I think we all got over-excited and took this way too fast. But I do think it would be a mistake to be too rash in throwing out the entire concept because of this one mistake. Will there be mistakes like this in the future? Definitely. But it is my hope that the entire cryptocurrency community will be chastened by this experience into taking things a little more slowly in the future.
IMO those of us who invested in the DAO should lose our investment. We fucked up and we deserve the loss, and if people see that real money was lost, perhaps they will be more judicious in the future with their investment decisions. I certainly will be.

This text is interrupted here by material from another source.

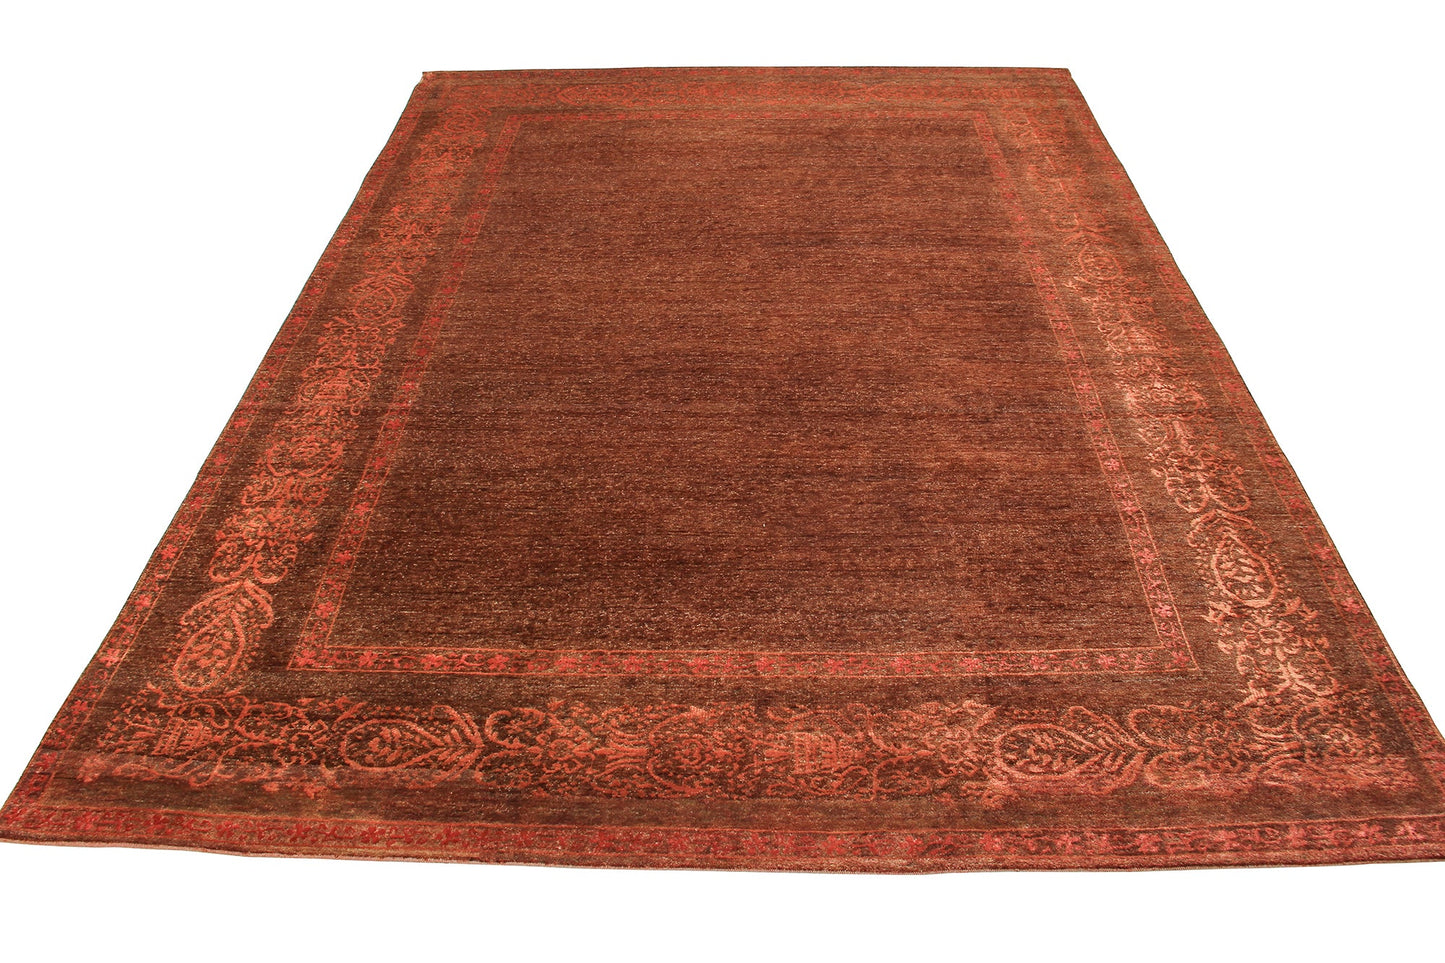 Modern Handmade Indian Carpet product image #27556211687594

But I don't think it makes sense to let the thief get away with the money either. I know in some sense there is a philosophical problem that the 'code is the contract' and the 'contract is the law' and therefore the code is the law, for better or worse. But IMO allowing this to happen would just be counter productive. There's no benefit to letting he (or she!) take the money and run, and quite a bit of harm to the ecosystem and probably lots of people who just held some ether and didn't invest in the DAO.
I'd like this event to be seen as a learning experience. People were overzealous and they got burned. In the future, let's be more careful, but let's keep exploring the possibilities of this technology.